Even more difficult than recognizing an isolated specific object is detecting an object of a certain class in a cluttered image. Again, supervised learning systems have been developed that can be trained to detect faces, cars, and people in complex images.

The key problem for the practical use of most learning-from-examples schemes is often the insufficient size of the training set. Because input vectors typically have a high dimension (like the number of pixels in an image), the required number of training examples is very high. This is the so-called curse of dimensionality. The natural idea is to exploit prior information to generate additional virtual examples from a small set of real example images. For in-stance, knowledge of symmetry properties of a class of 3-D objects allows the synthesis of additional examples. More generally, it is possible to learn legal transformations typical for a certain class of objects from examples drawn from images of objects of the same class.
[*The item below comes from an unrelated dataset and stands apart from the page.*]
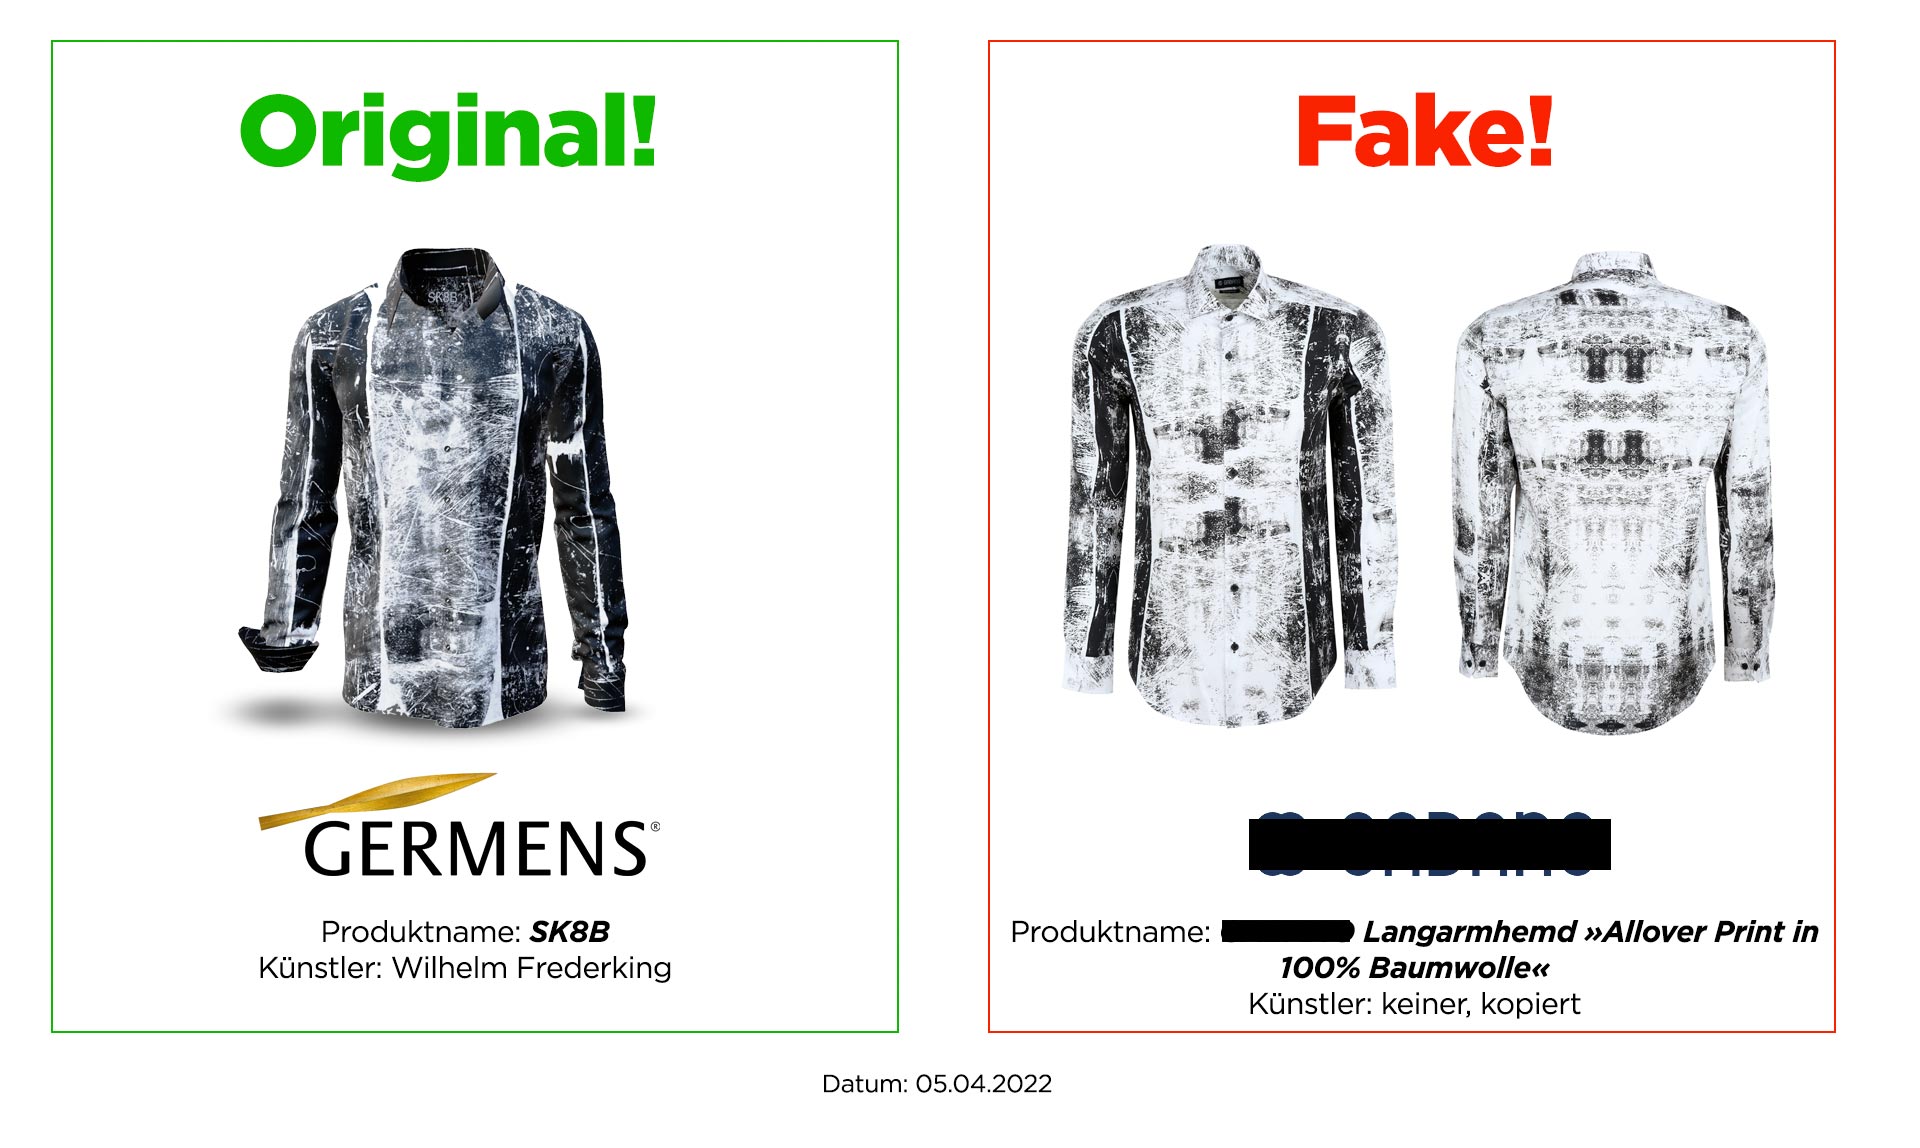 Original GERMENS® shirt SK8B and plagiarism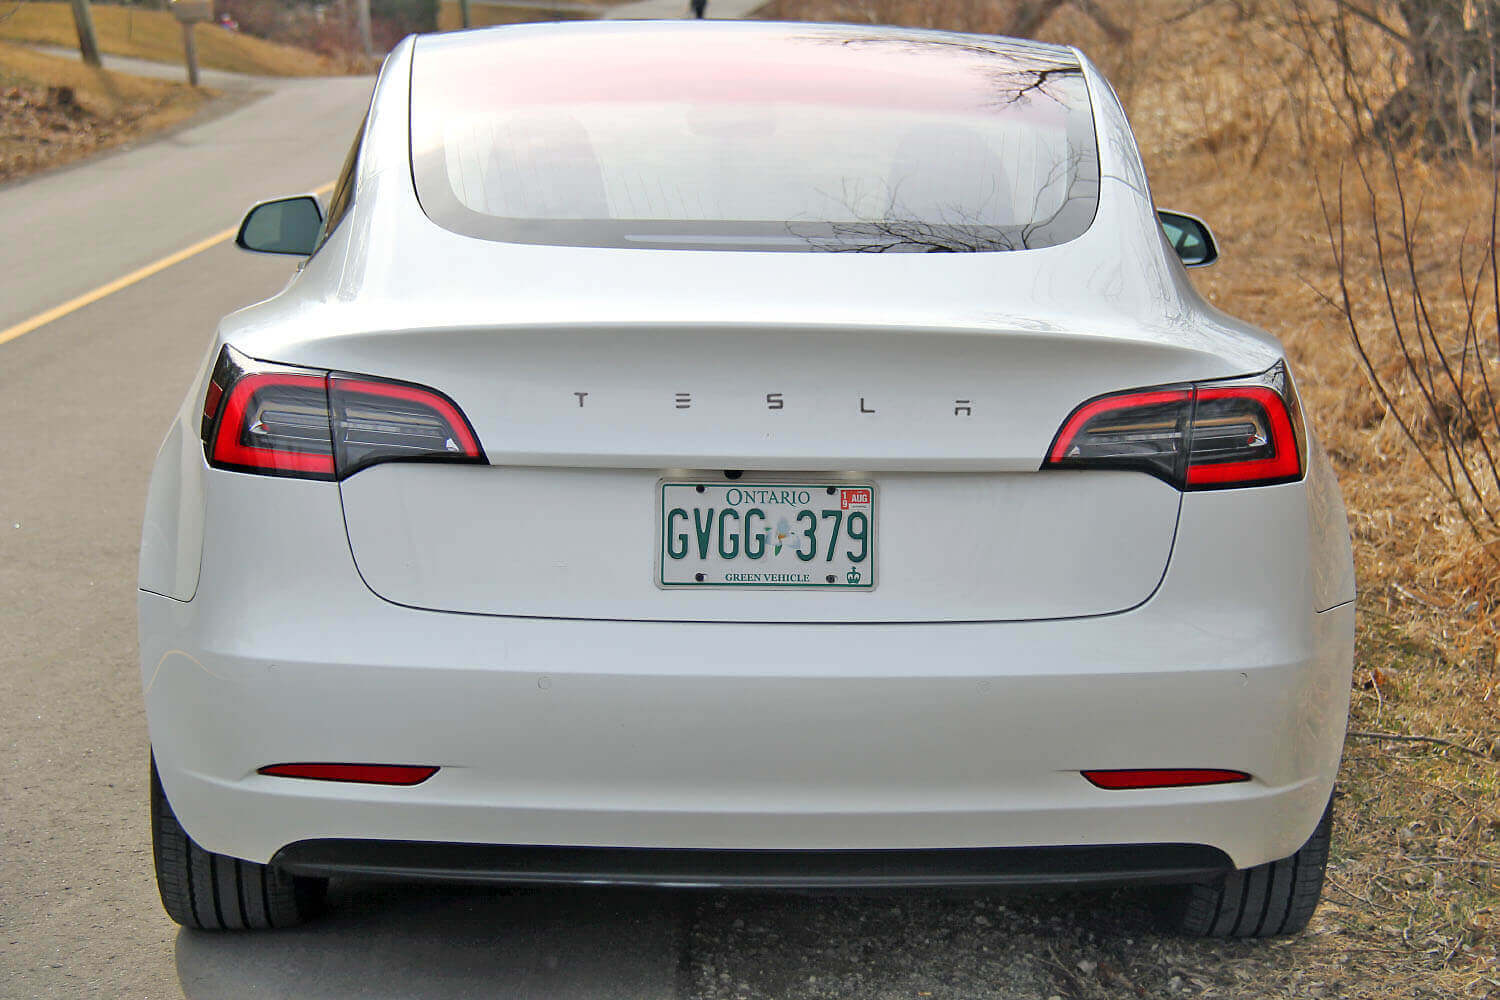 Tesla Model 3 - Je remplace les logos, fini le chromé

The example-based approach is successful in practical problems of object recognition, image analysis, and image synthesis. It is not surprising therefore to ask whether a similar approach may be used by our brain. Networks that learn from examples have an obvious appeal given our knowledge of neural mechanisms. Over the last four years psychophysical experiments have indeed supported the view-based schemes and physiological experiments have provided a suggestive glimpse on how neurons in the IT cortex may represent objects for recognition (Logothetis, Pauls, and Poggio 1995 and references therein). The experimental results seem to agree to a surprising extent with the view-based models.

See also

-- Tomaso Poggio

References

Logothetis, N. K., J. Pauls, and T. Poggio. (1995). Shape representation in the inferior temporal cortex of monkeys. Current Biology 5(5):552-563.

Pomerleau, D. A. (1993). Neural Network Perception for Mobile Robot Guidance. Dordrecht: Kluwer.

Further Readings

Beymer, D., and T. Poggio. (1996). Image representation for visual learning. Science 272:1905-1909.

Murase, H., and S. K. Nayar. (1995). Visual learning and recognition of 3-D objects from appearance. International Journal of Computer Vision 14(1):5-24.

Nayar, S. K., and T. Poggio, Eds. (1996). Early Visual Learning. Oxford: Oxford University Press.

Poggio, T., and D. Beymer. (1996). Learning to see. IEEE Spectrum: 60-69.

Poggio, T., and S. Edelman. (1990). A network that learns to recognize 3-D objects. Nature 343:263-266.

Rowley, H. A., S. Baluja, and T. Kanade. (1995). Human face detection in visual scenes. Technical report CMU-CS-95-158R. School of Computer Science, CMU.

Turk, M., and A. Pentland. (1991). Face recognition using eigenfaces. Proceedings CVPR, Los Alamitos, CA: IEEE Computer Society Press, 586-591.